Corporate News
By NEVILLE OTUKI, notuki@ke.nationmedia.com
In Summary
- As a middle-income nation, Kenya has acquired new economic firepower that if backed with the right policies and good governance could propel it to the desired newly industrialised country.
- Economists, however, say the danger of stagnation is high for Kenya, especially because the cross-over to middle-income status did not come as a result of sustained growth over time but was largely the product of fresh computation of economic data.
After computing its national economic data afresh
three months ago, Kenya is closing 2014 at a critical point that
economists say could determine the country’s future.

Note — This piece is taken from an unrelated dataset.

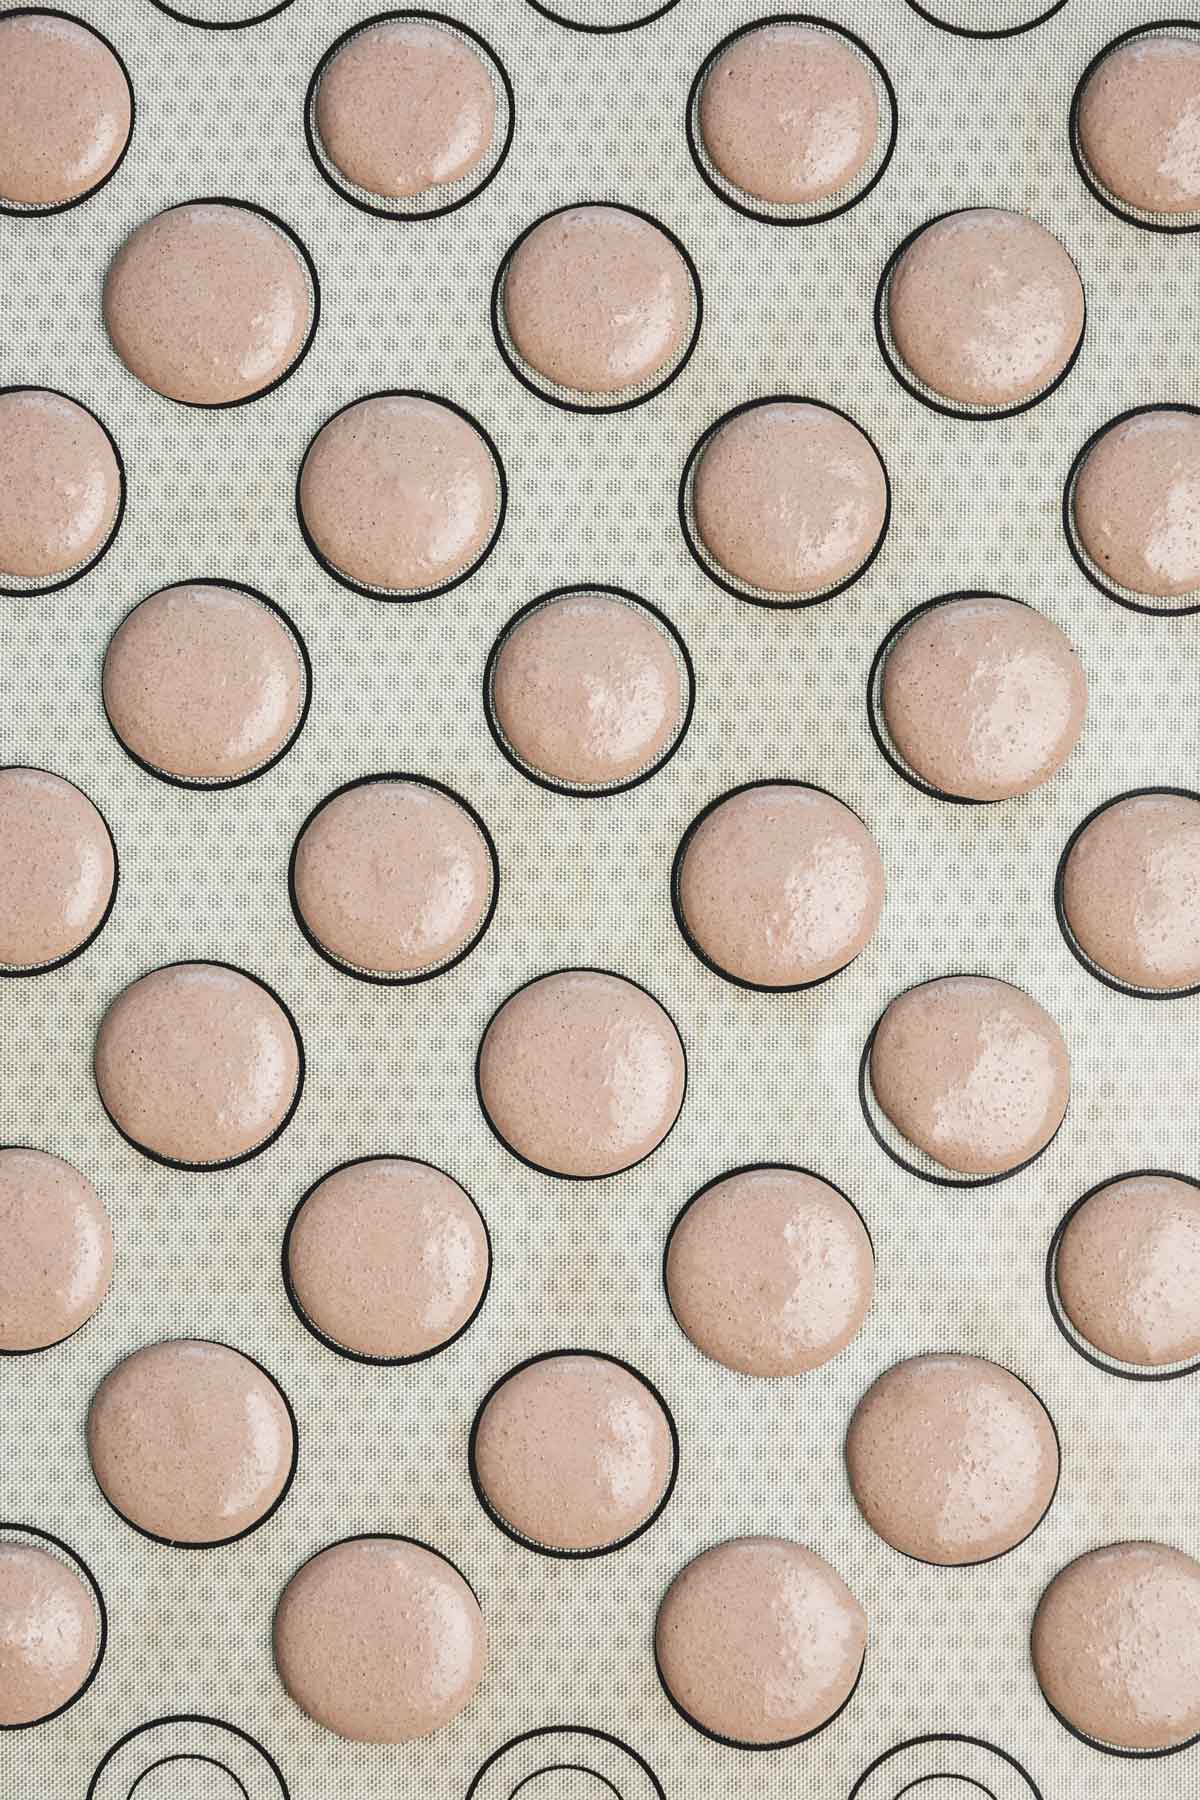 coques de macarons au chocolat

East Africa’s largest economy is now in the league of the
world’s lower middle-income nations, having crossed the United Nations’
$1,045 gross domestic product (GDP) per capita threshold with
September’s fresh computation of data, also known as rebasing.
As a middle-income nation, Kenya has acquired new
economic firepower that if backed with the right policies and good
governance could propel it to the desired newly industrialised country
status.
But for the majority of Kenyans, the feel good
factor of leaving the club of the world’s poorest nations may have come
and evaporated so soon — having left no tangible mark in their lives.
There is also the possibility that the country
could get stuck in the bottom end the of middle-income club becoming
Africa’s first victim of the middle-income trap.
Economists say the danger of stagnation is high for
Kenya, especially because the cross-over to middle-income status did
not come as a result of sustained growth over time but was largely the
product of fresh computation of economic data.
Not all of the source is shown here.